Excerpted data:
---

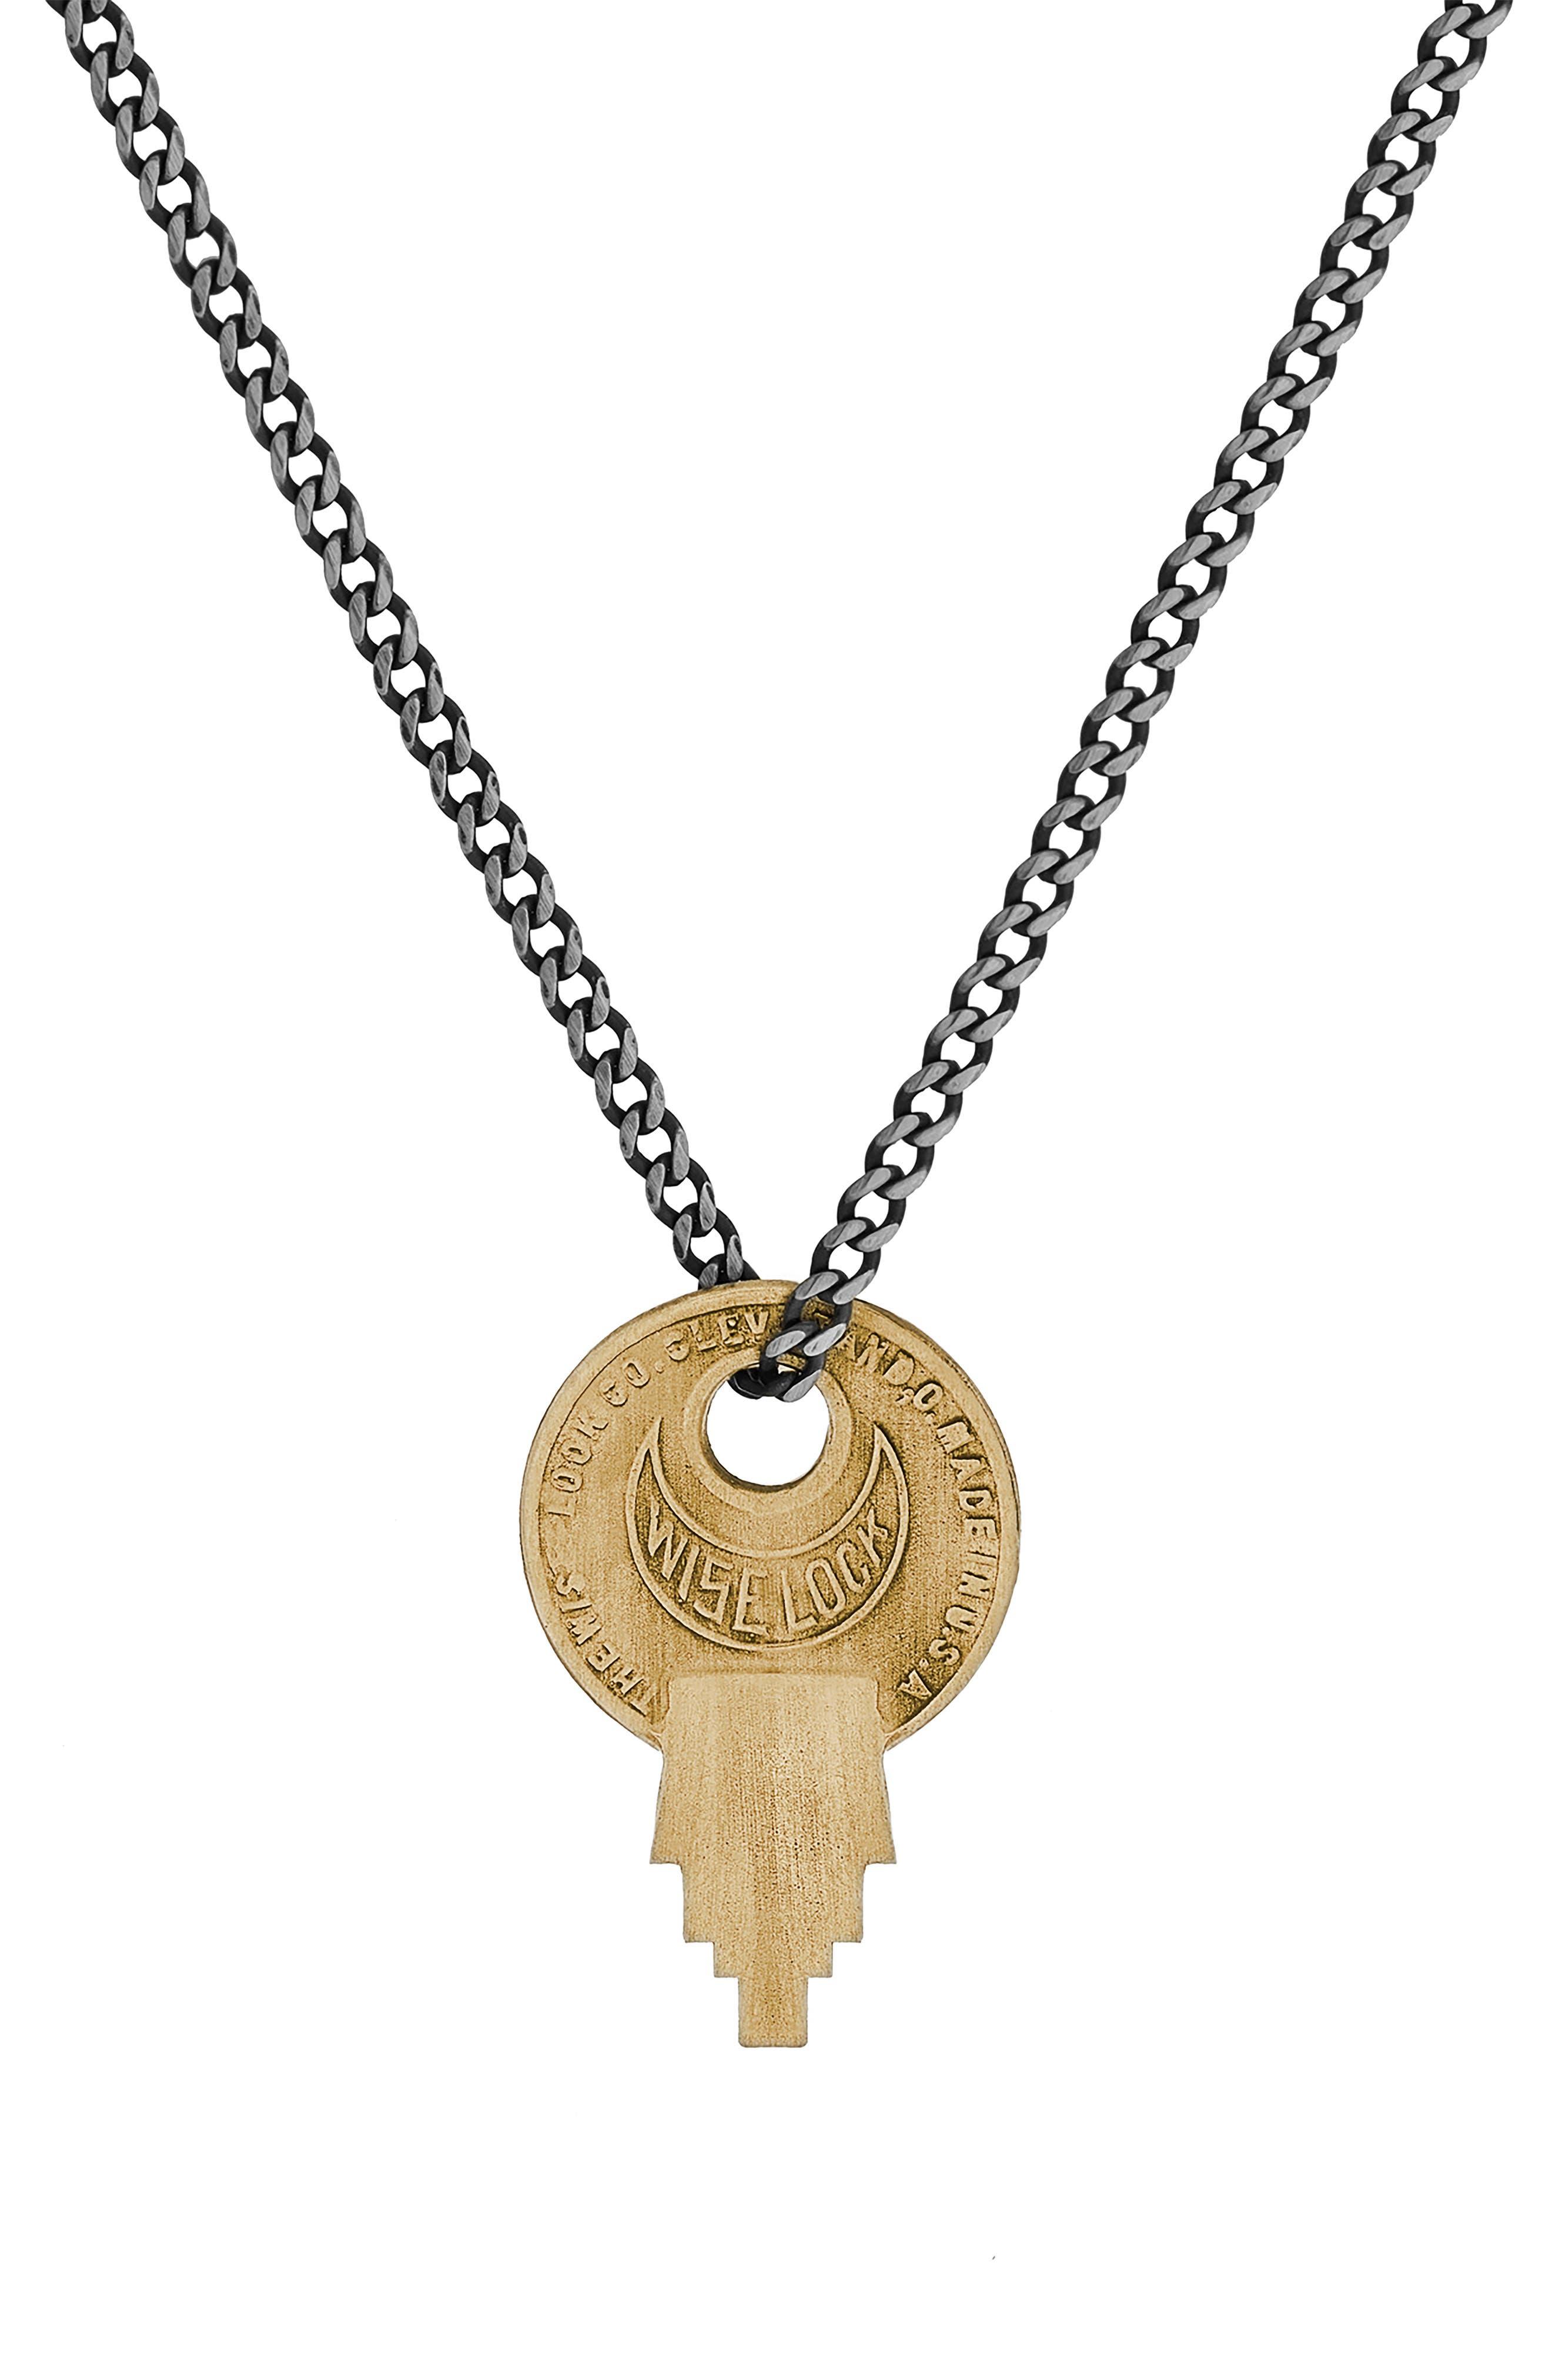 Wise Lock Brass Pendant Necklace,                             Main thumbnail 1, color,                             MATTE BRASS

---

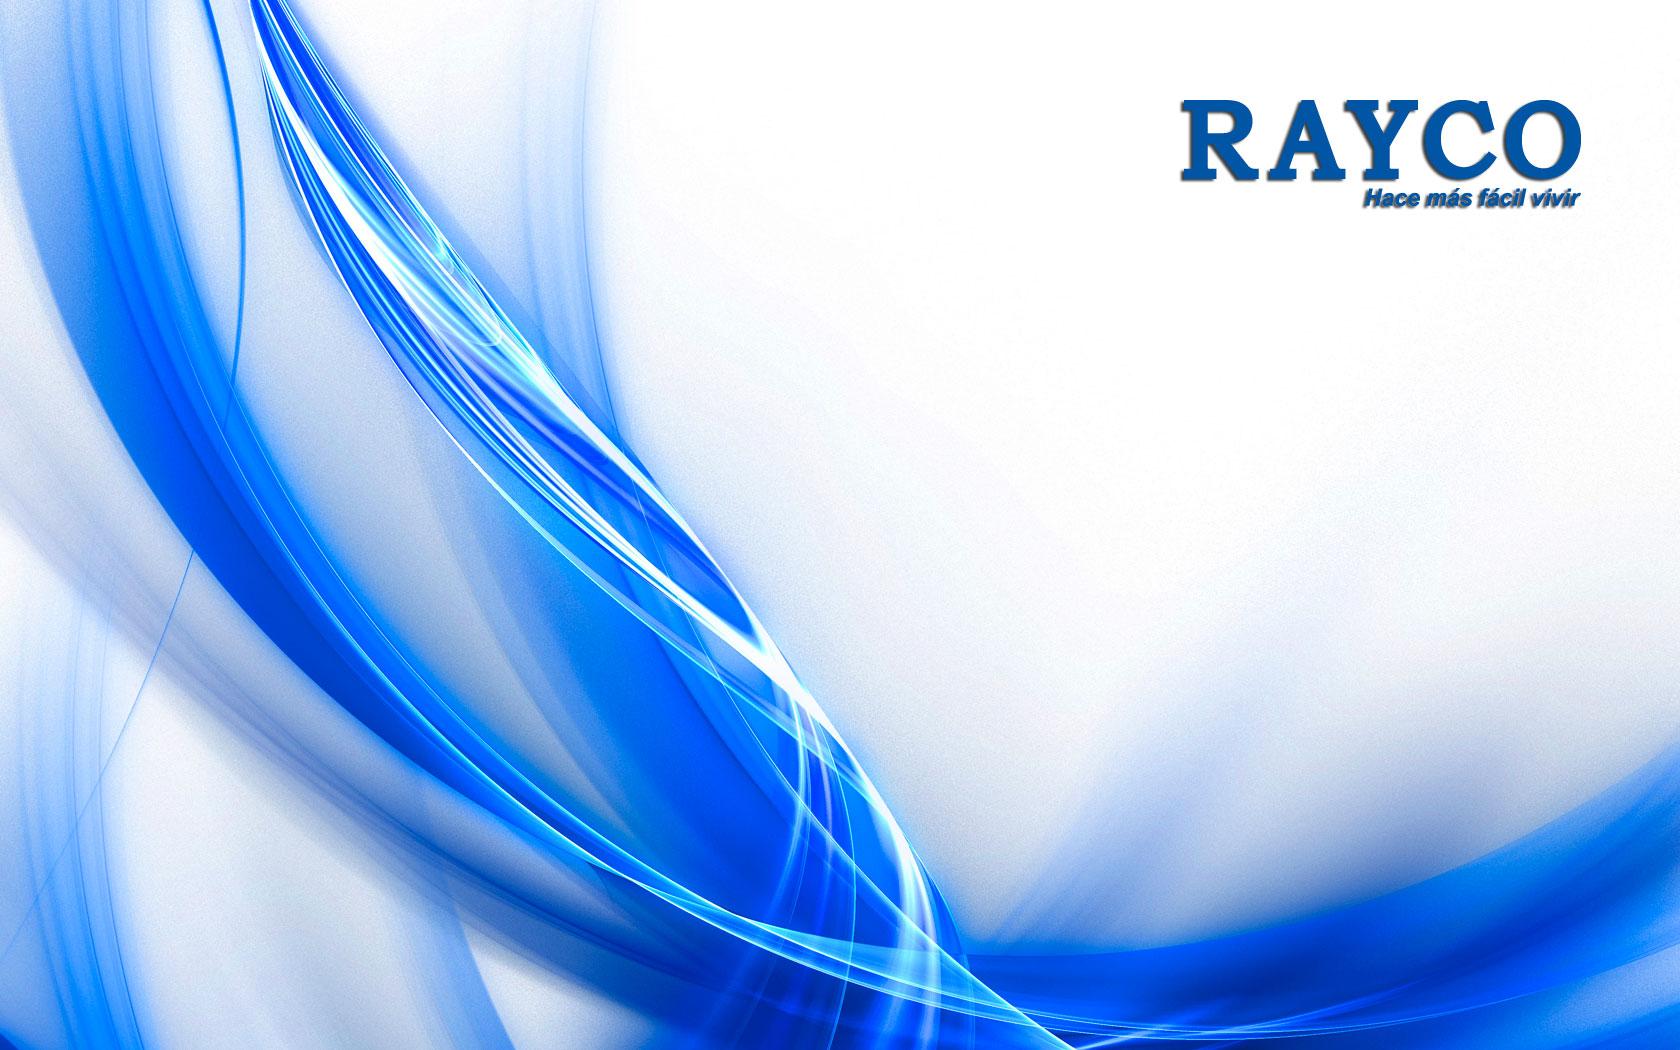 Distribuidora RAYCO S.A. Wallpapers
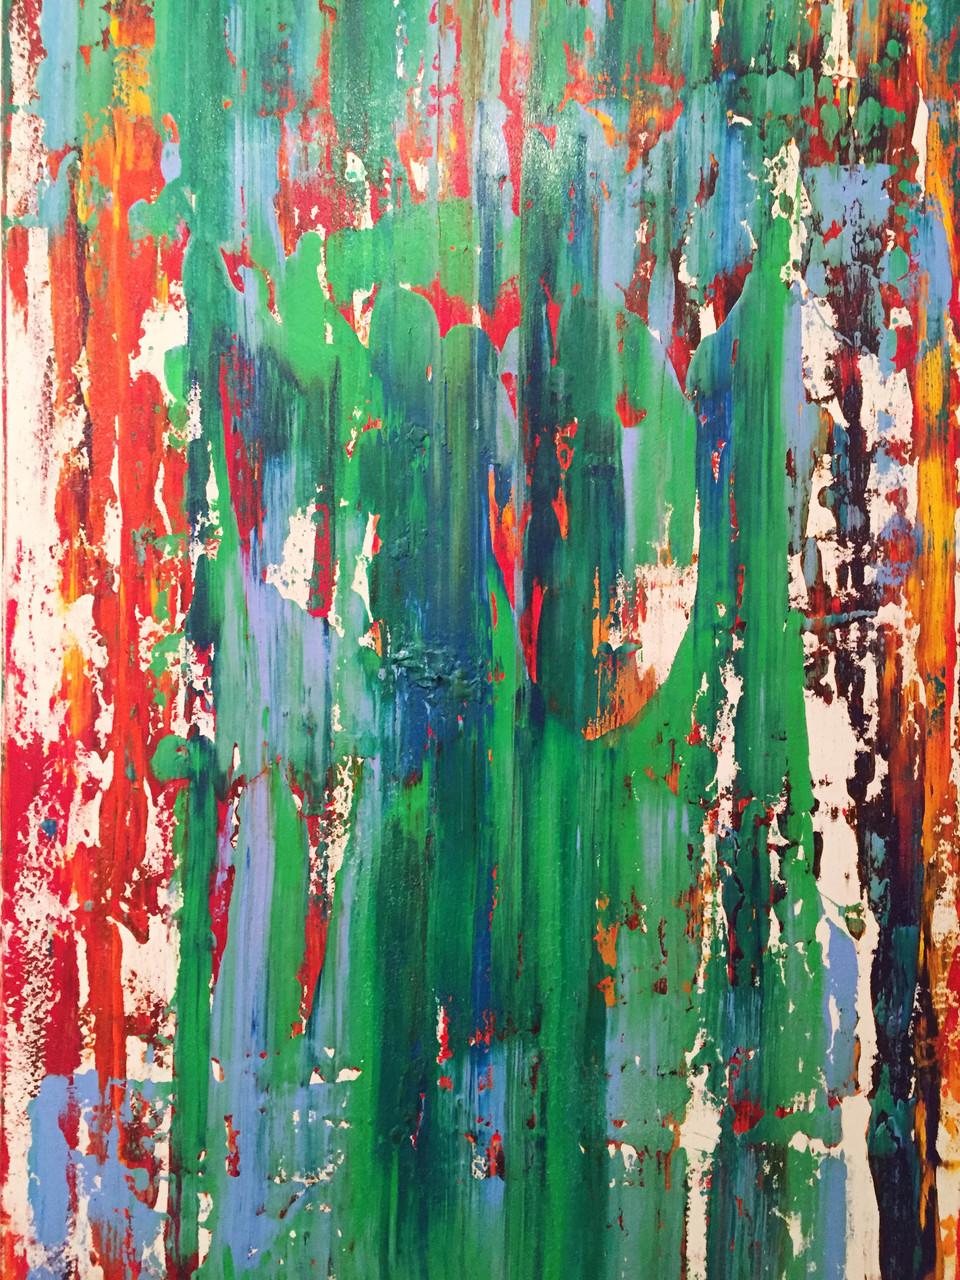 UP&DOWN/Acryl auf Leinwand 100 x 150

---

Exercise aim:
Print nothing except the lines above from the one containing "Distribuidora RAYCO S.A. Wallpapers" down to the one containing "UP&DOWN/Acryl auf Leinwand 100 x 150", both included, exactly as written and free of pictures.

Answer to this task:
 Distribuidora RAYCO S.A. Wallpapers
 UP&DOWN/Acryl auf Leinwand 100 x 150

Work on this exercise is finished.